On est tous des camionneurs aux questions plein la tête, qui voient l’Amérique et la planète entière chanceler sous trop d’assauts intérieurs et extérieurs.
« La question qu’j’me pose tout le temps : / Mais que feront nos enfants / Quand il ne restera rien / Que des ruines et la faim ? » se demande le chauffeur philosophe de la chanson. Et la force de L’Amérique pleure repose aussi sur la remise en question du narrateur roulant. Il ne se contente pas de dénoncer les horreurs perçues aux alentours, mais interroge de concert sa propre dérive de gars jonglant sur tout ce qu’il a manqué lui-même, assis dans son vieux camion. « Moi, je traîne dans ma remorque / Tous les excès d’mon époque », entonne-t-il.
Alors, devant cette ébouriffante soirée d’élections aux États-Unis mardi, elle semblait pleurer encore plus fort cette Amérique-là, si profondément fracturée. Les deux camps s’y regardaient déjà en chiens de faïence. On voit d’ici les corps à corps de ces voisins-là à deux pouces de notre nez. Tant d’affres et de combats en vue.

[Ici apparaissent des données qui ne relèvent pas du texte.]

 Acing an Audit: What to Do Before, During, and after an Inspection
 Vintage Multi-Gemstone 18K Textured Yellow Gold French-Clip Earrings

« Sur l’Interstate 95 / Partent en fumée tous les rêves », se désole la chanson des Cowboys Fringants. Non, l’Amérique n’a pas fini de pleurer. On lui souhaite mieux que ça. Comme on rêve qu’un règne de Joe Biden puisse apaiser quelques cauchemars des Américains et des nôtres par ricochet. L’espoir s’entête à luire. Mais on a parfois besoin de remettre en question nos dérives collectives dans un camion ou l’autre. Plutôt que de se bercer d’illusions en des jours si sombres. Les mots des Cowboys résonneront plus loin que le temps d’une chanson.